Her eyes glittered with emotion. “There are worse things than dying.”
She dropped her gaze for a moment.
“The jury will need to understand what that means, Ms. Armone.”
Jax’s gut tightened at hearing her called that. He rubbed at the back of his neck. Sweat had popped out on his skin.
“He punished me severely for forcing him to kill an old friend.”
Jax drew slightly away from the screen.
“Punished you how?”
“He withheld food. Water. Kept me shackled naked in my room for days with the lights off and the blinds closed tight. Once he felt I had been sufficiently punished for trying to run away, he removed the shackle and told me he had decided on new rules.”
The silence throbbed for too many seconds.
Every muscle in Jax’s body had grown rigid with tension.
“He told me what to wear. Clothes, makeup. Ev
erything. How to walk. When to speak. When to eat. If I made a mistake, he...”
She stared at her hands as she went on. “He tortured me.”
Those three words stabbed deep into Jax. He wanted to push away from the table. To shut off the volume. But he had to keep listening. He had to know the rest.
“Sometimes he used a leather whip. The number of lashes I received was determined by the severity of my mistake. Did I say the wrong thing or wear the wrong perfume?
“Over the course of the next two years, I had a dislocated shoulder. A fractured arm. Two concussions and a series of burns.” Her breath caught, yet somehow she managed to go on. “There were other, more intimate methods of inflicting pain he utilized, depending upon my infraction.”
Jax stared at the face on the screen. It hurt to breathe. The crushing sensation against his chest was unbearable. Why hadn’t she told him any of this?
Why the hell hadn’t Holloway told him?
“Were you taken for medical attention?”
“His personal physician always came and attended to my injuries.” A single tear rolled past her lashes and slid down her cheek.
“This was a very painful time for you.”
“Yes.” She flinched. “But I never cried.”
She shook her head. “I would have died before I let him see my pain. He’d already taken my pride, my hopes and dreams. I wouldn’t allow him to have anything else.”
“On May 2 of last year, you witnessed one last travesty. Describe that event for the jury.”
“My father-in-law, Harrison Sr., came for his weekly visit. He and Harrison went to his study for the usual evening of cigars and scotch. I recognized an added layer of tension between the two.”

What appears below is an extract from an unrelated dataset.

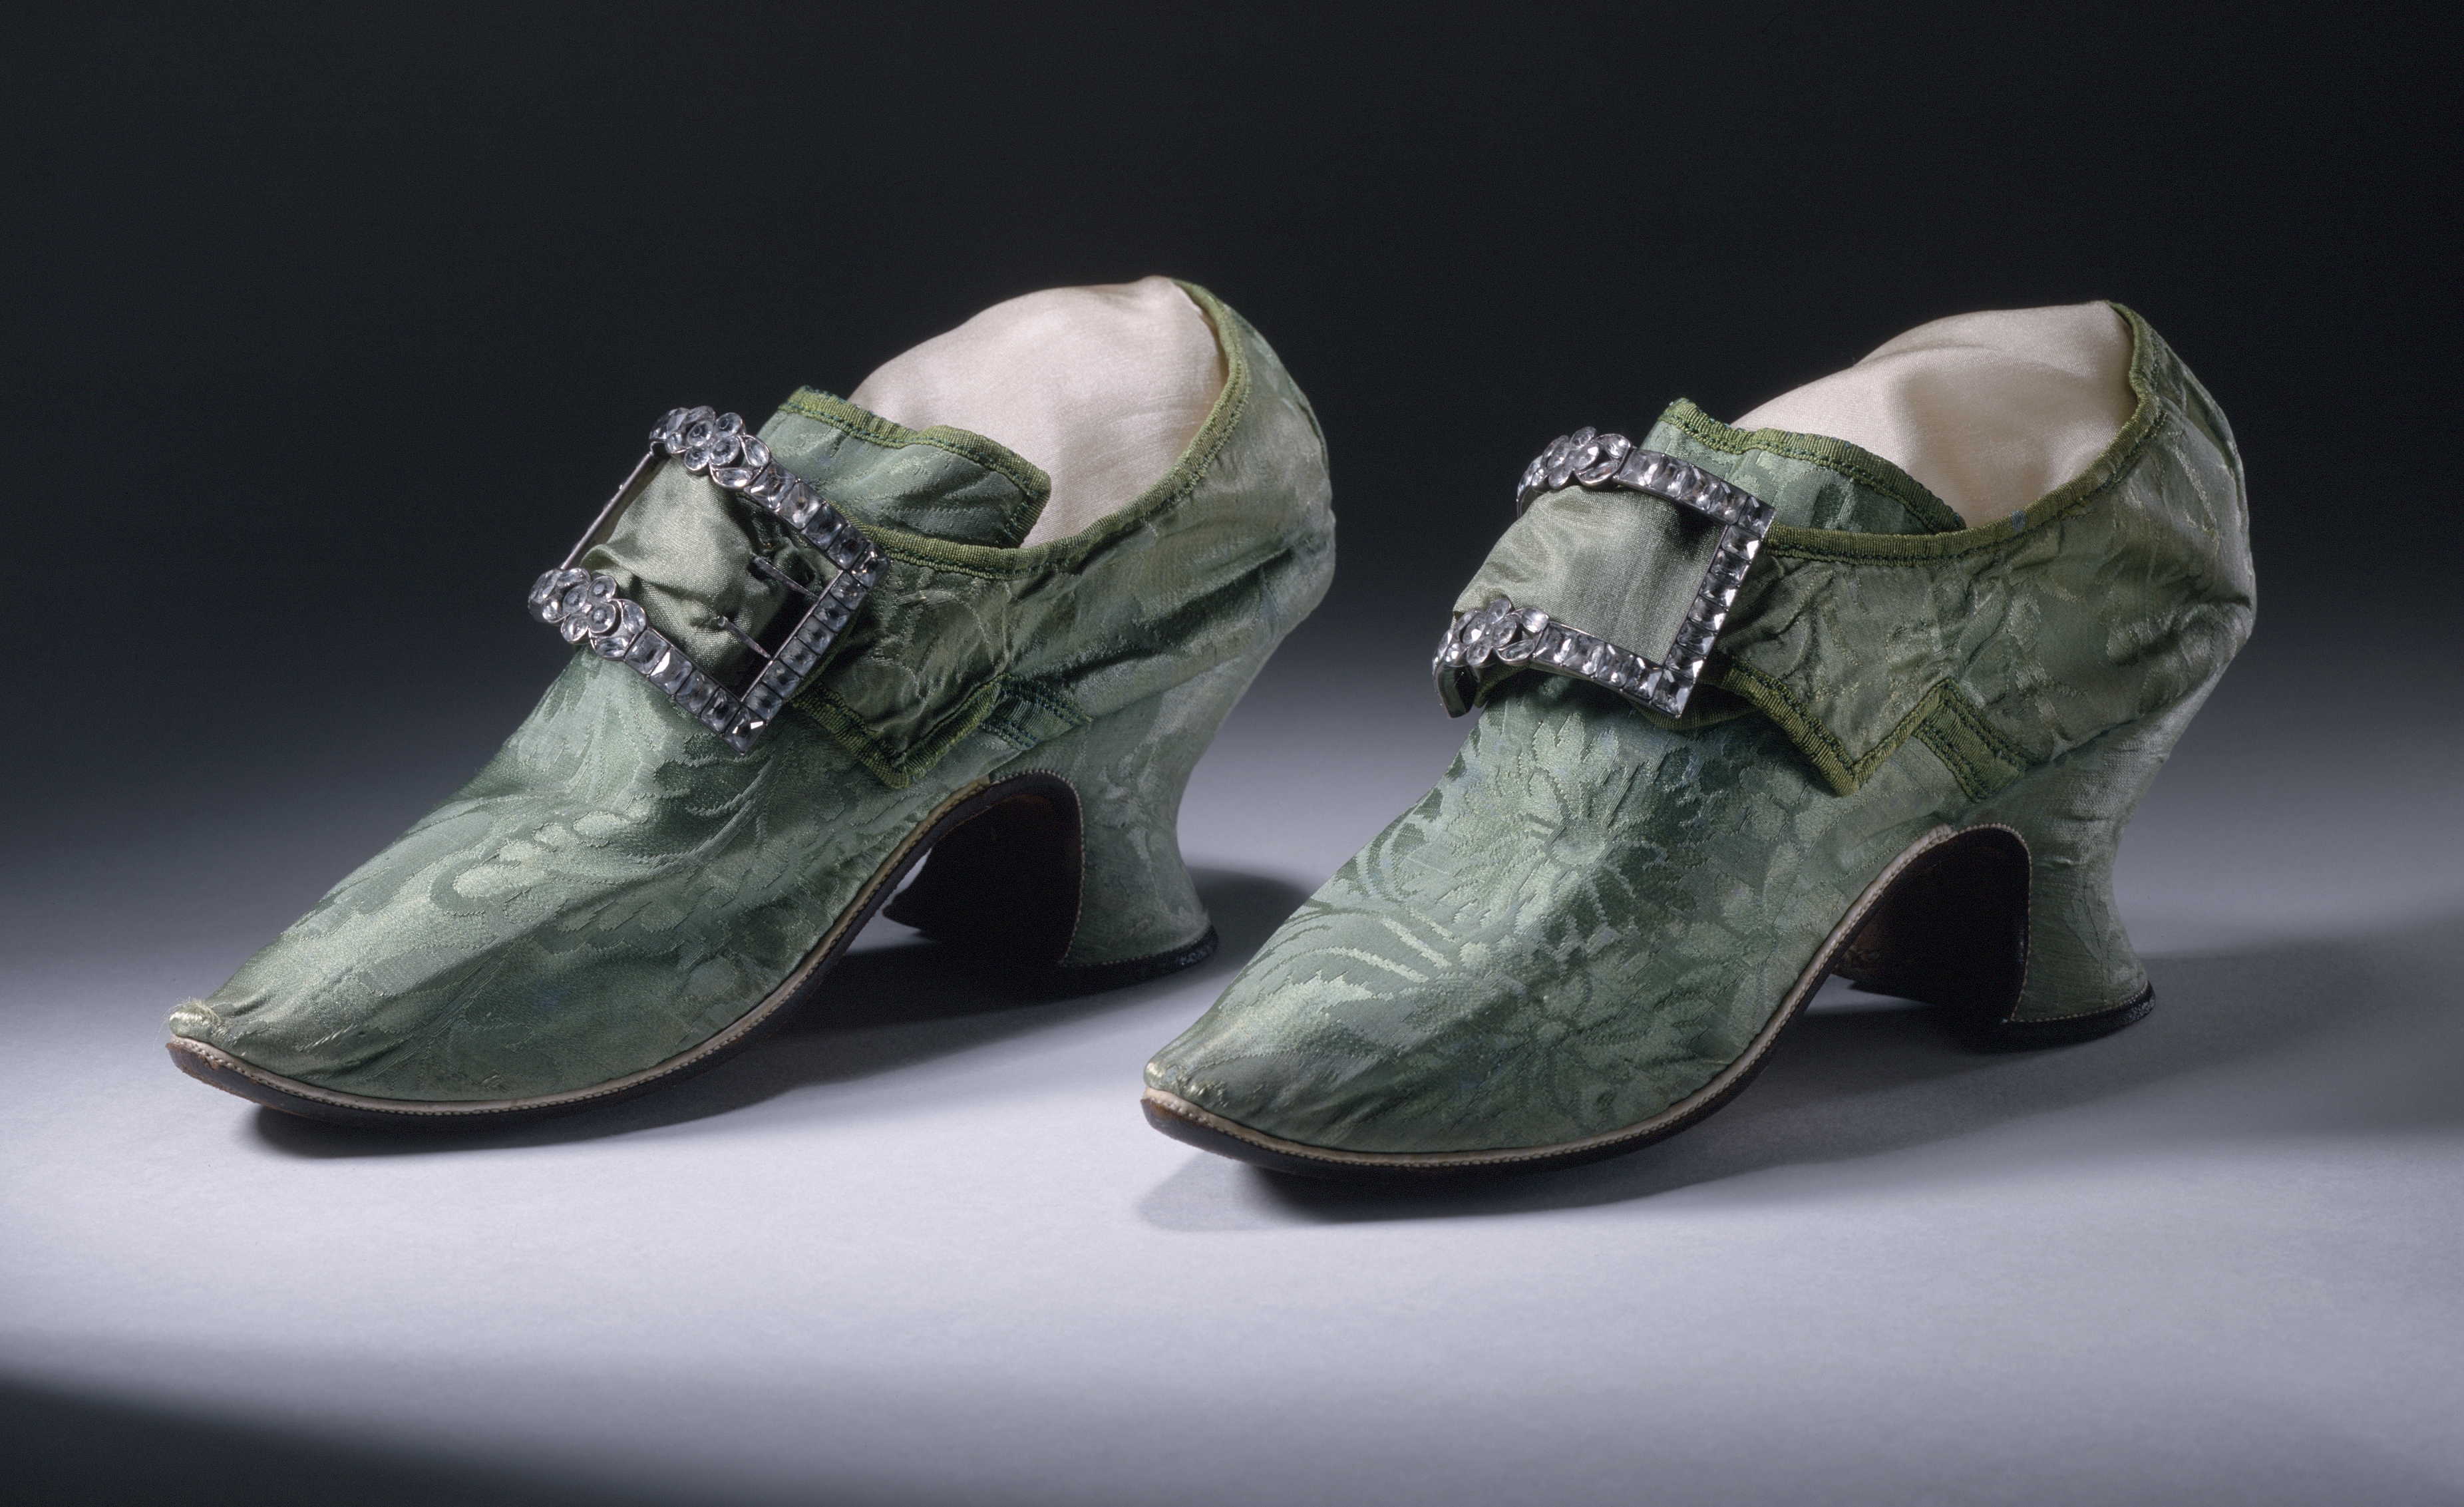 Woman's Spitalfields silk damask shoes with buckles 1740s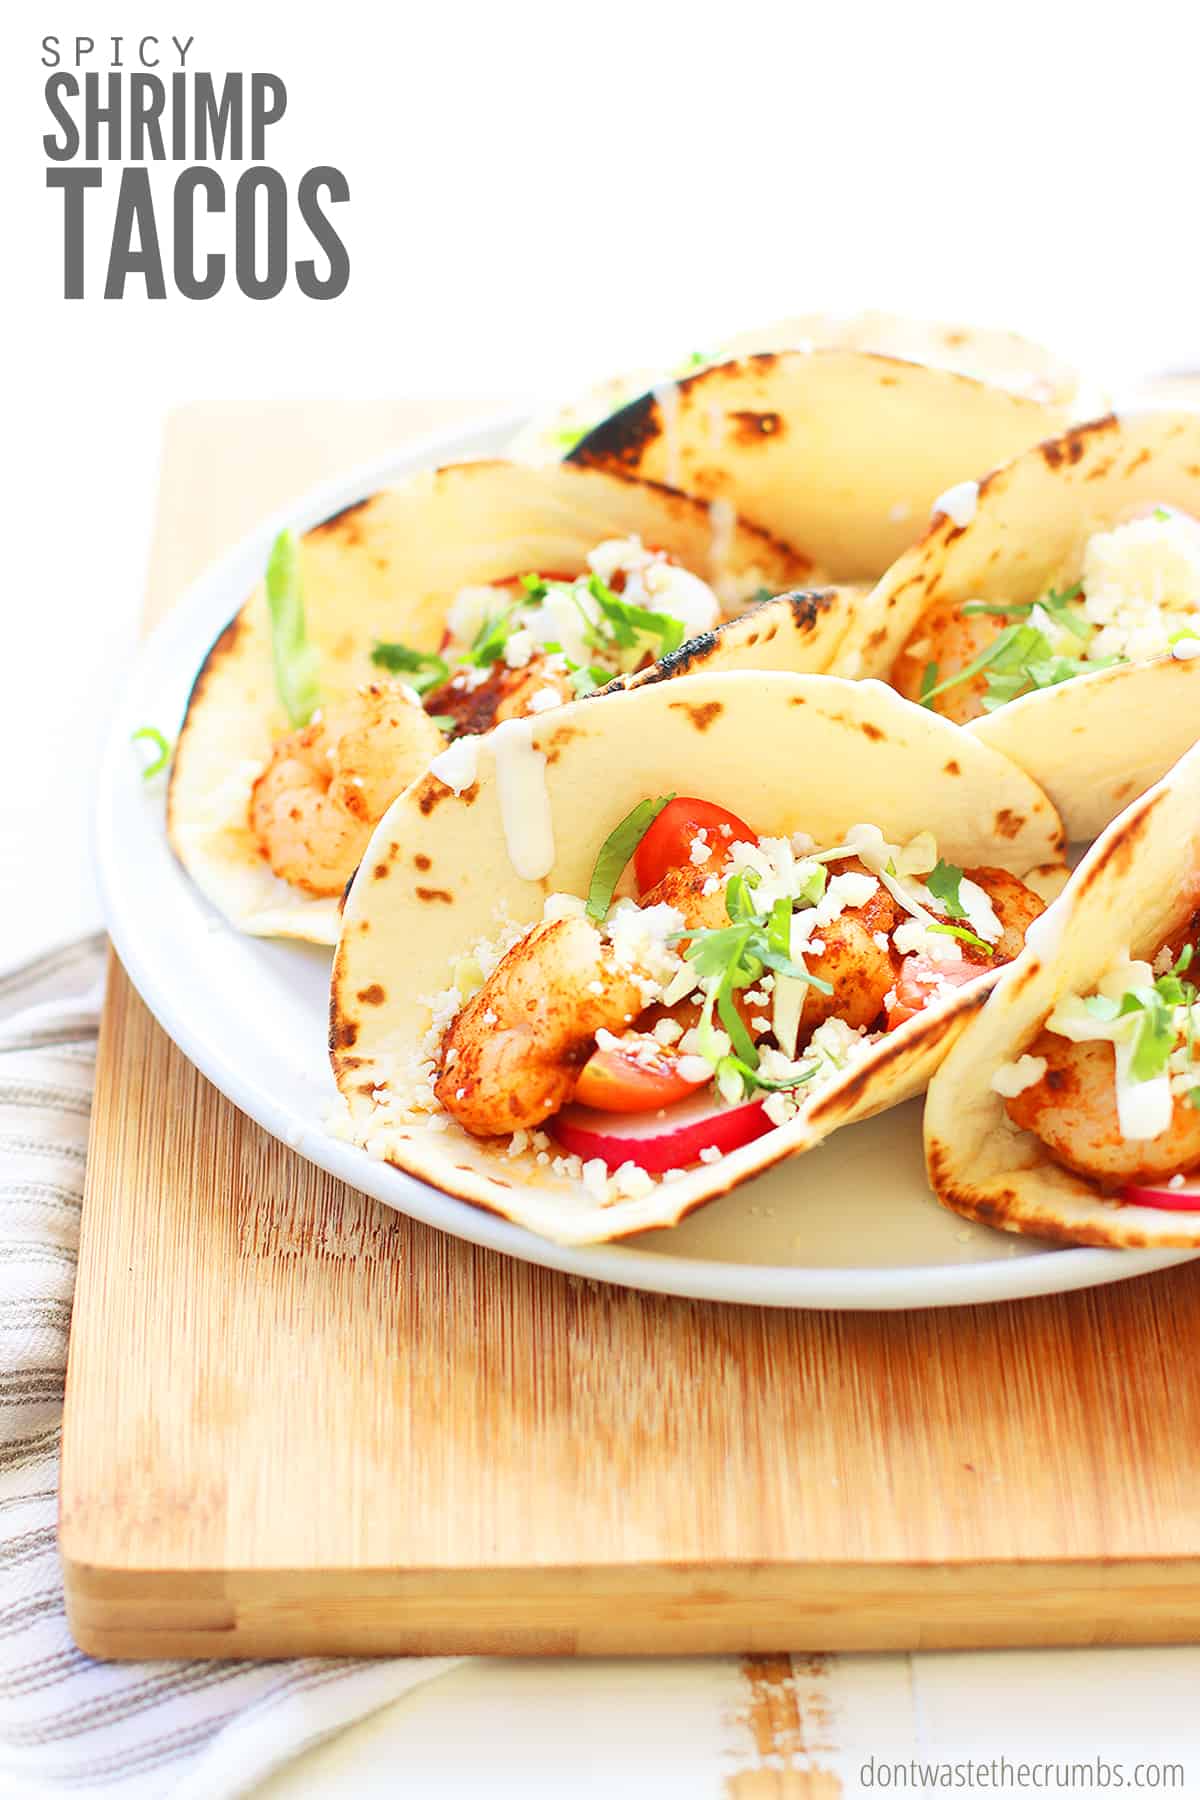 Spicy shrimp tacos and creamy slaw tucked into flour tortillas are loaded with tangy cotija, creamy avocado, and juicy mango salsa in this easy shrimp tacos recipe! Ready in under 30 minutes!

“Was there anyone else in the house?”
“Always. But Harrison had sent them outside. He and his father preferred complete privacy.”
“Did you overhear anything different this night?”
“I didn’t have to try and overhear this time. Mr. Armone asked me to join them. He told me to stand by the window so he could look at me as he and Harrison spoke. I was very uncomfortable. Harrison only laughed. I suppose he had bragged to his father about how he was punishing me.”